Der Bedarf an dieser simplen Philosopie – die über die vielzitierte „freie Liebe“ allerdings hinausgeht – ist acht Jahre nach Oshos Tod größer denn je: Der Verkauf seiner zahllosen Bücher – überwiegend aufgeschriebene Unterhaltungen mit seinen Anhängern – hat sich seitdem verachtfacht; nach Angaben der Verleger gehen jährlich zweieinhalb Millionen Bücher, Cassetten und Videos über den Ladentisch.

Längst sind Oshos Werke auch in Serbokroatisch, Russisch und Dänisch erhältlich. Die Inhaber der Verkaufsrechte von „Osho International“ zogen nach nur vier Jahren ihres Bestehens in das 46. Stockwerk eines Wolkenkratzers in Midtown Manhattan. All das steht in seltsamem Widerspruch zu der Tatsache, daß Bhagwan-Kommunen in Westeuropa seit Jahren im Niedergang begriffen sind.

Daß „Osho“ nicht nur Spiritualität, sondern auch ein riesengroßes Geschäft ist, ist in Poona kein Thema, und der tägliche Eintrittspreis von gerade einmal vier Mark kann auch leicht darüber hinwegtäuschen. Und angesichts der horrenden Preise der europäischen Esoterik-Szene sind selbst die wochenlangen Kurse bezahlbar.
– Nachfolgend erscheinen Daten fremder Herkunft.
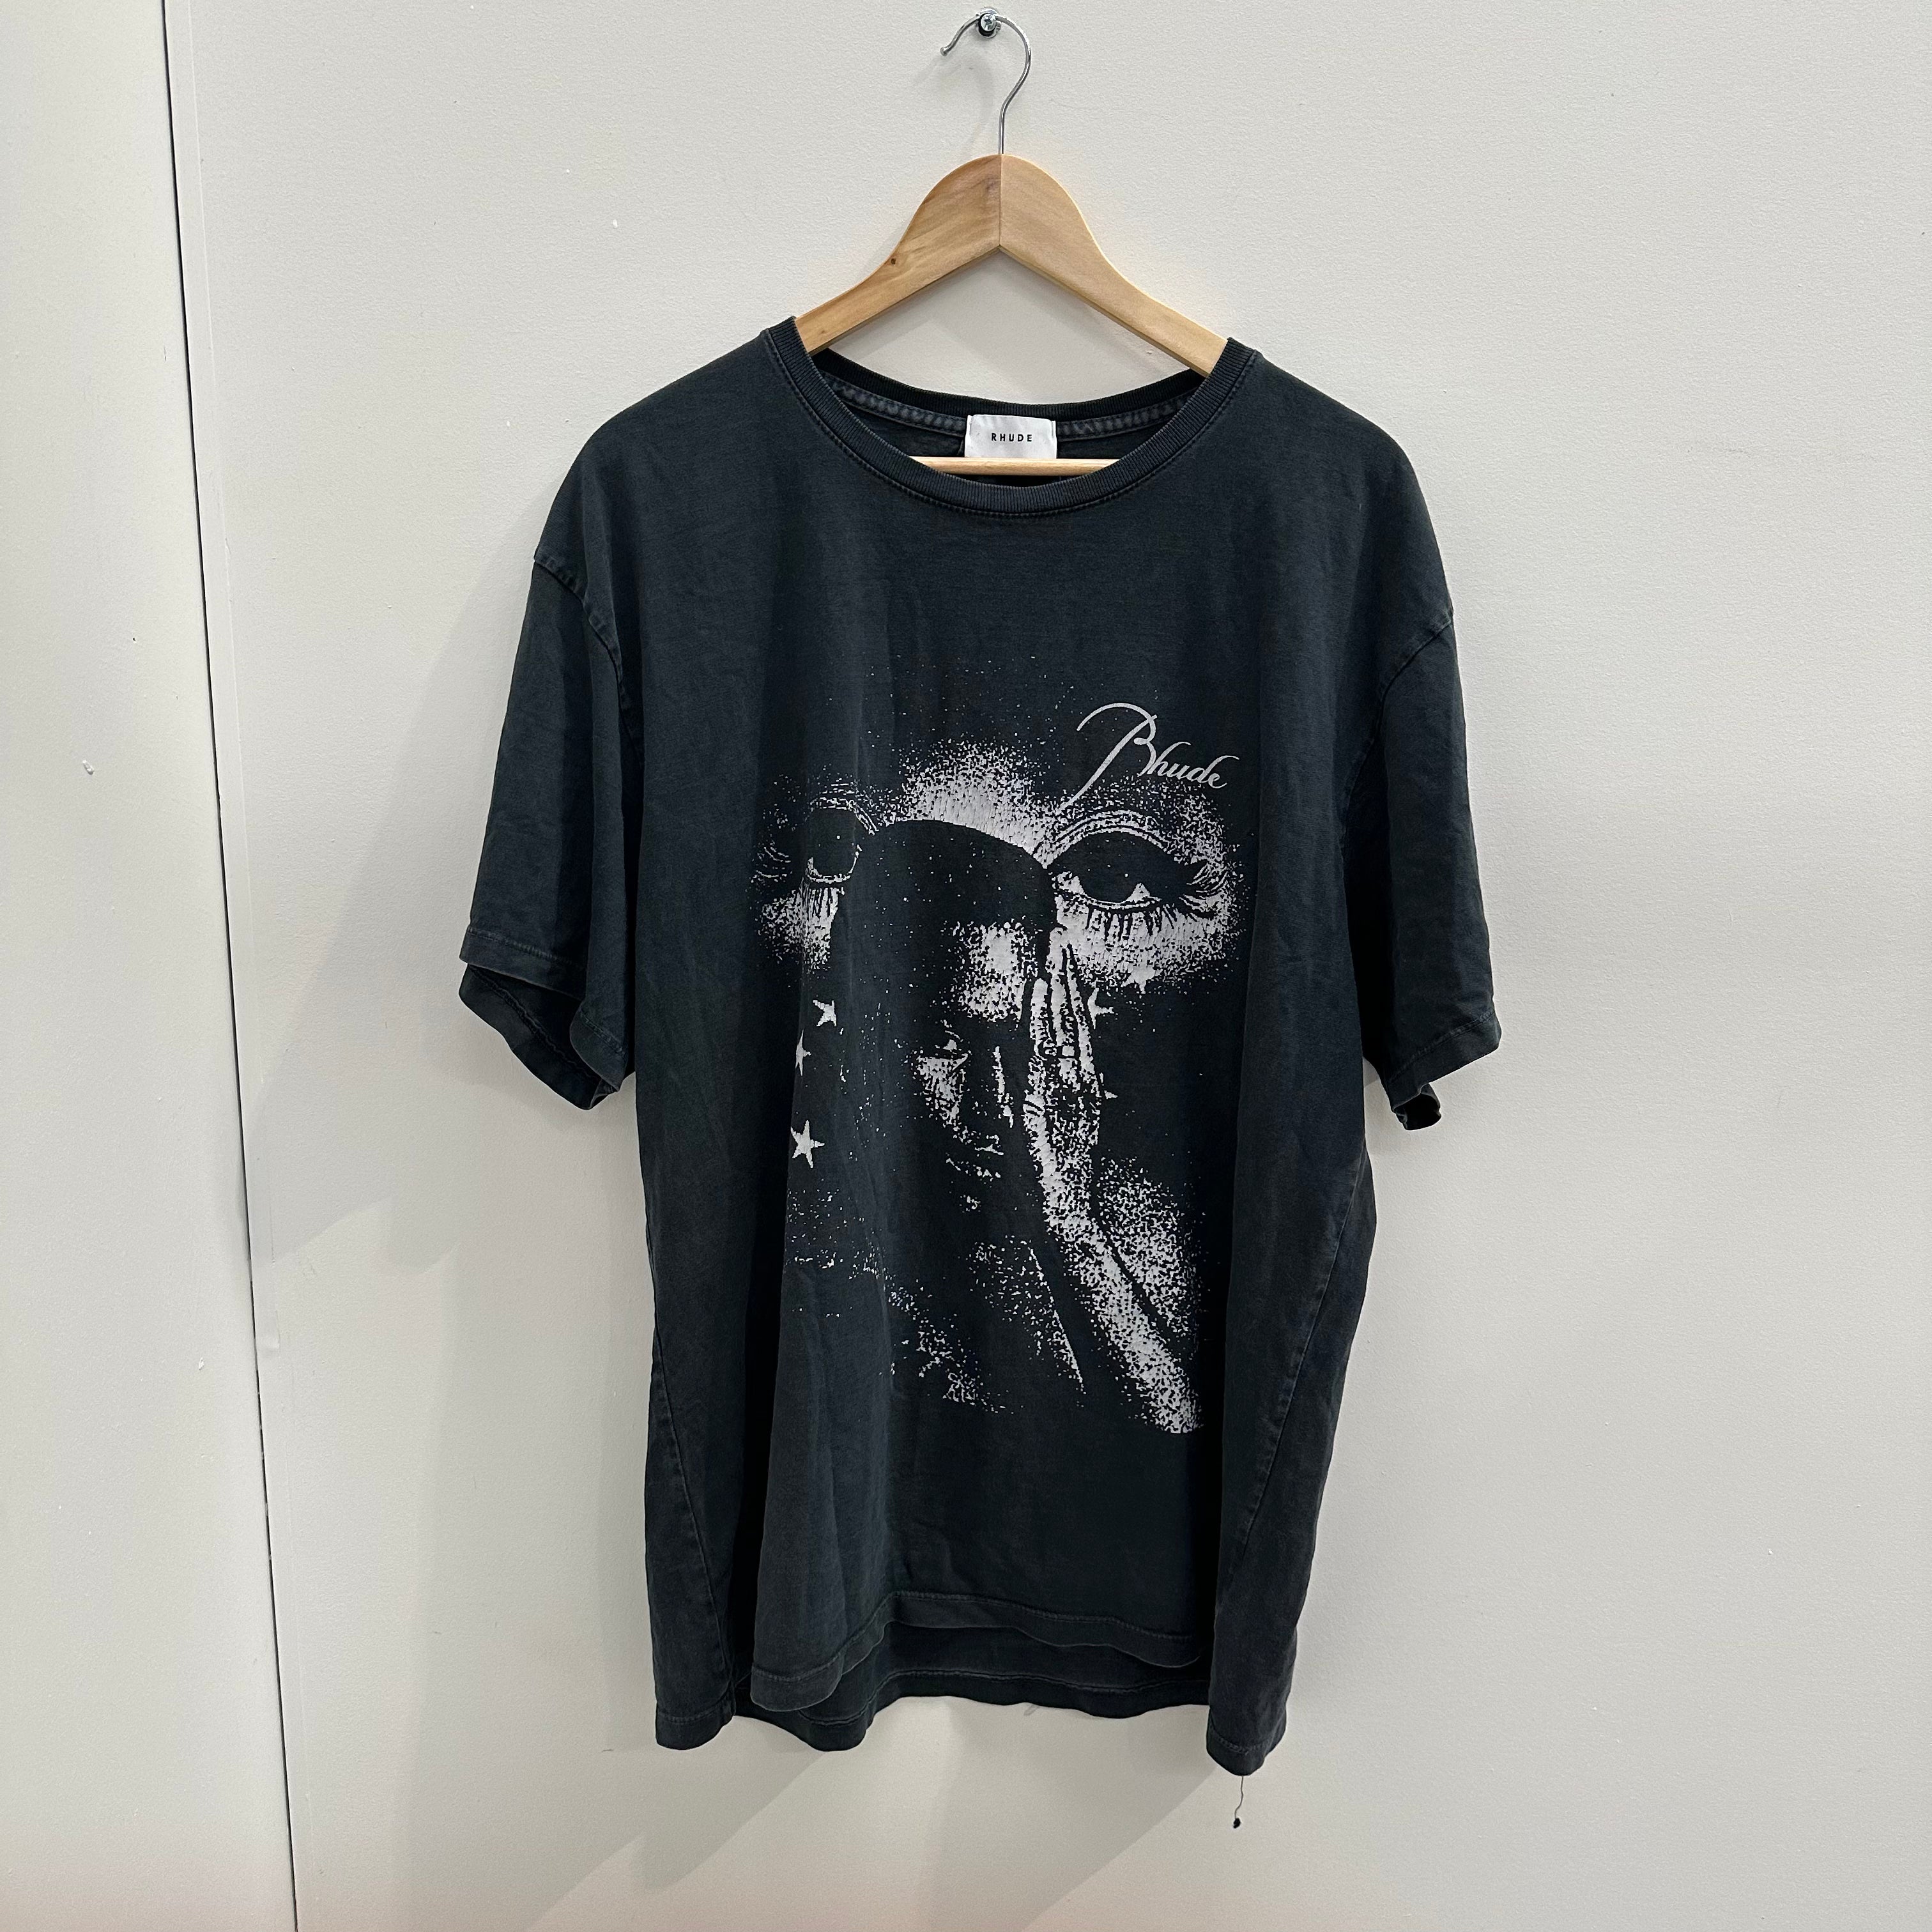 Rhude Black Beauty T-Shirt (fits L-XL)

Statt über die materialistische Welt brütet man in Oshos Garden mit Blick auf seine Büste über innere Werte: über den jüngsten „Beziehungsvertrag“, die Frage, ob es denn diesmal klappen werde, den Sinn von Musik und Kunst und den Klang der Bäume. Und über die „Touristen“, über die man sich hier genauso ärgert wie anderswo auch: Täglich stehen indische Reisegruppen vor der Tür und staunen über die bizarren Weißen in Rot.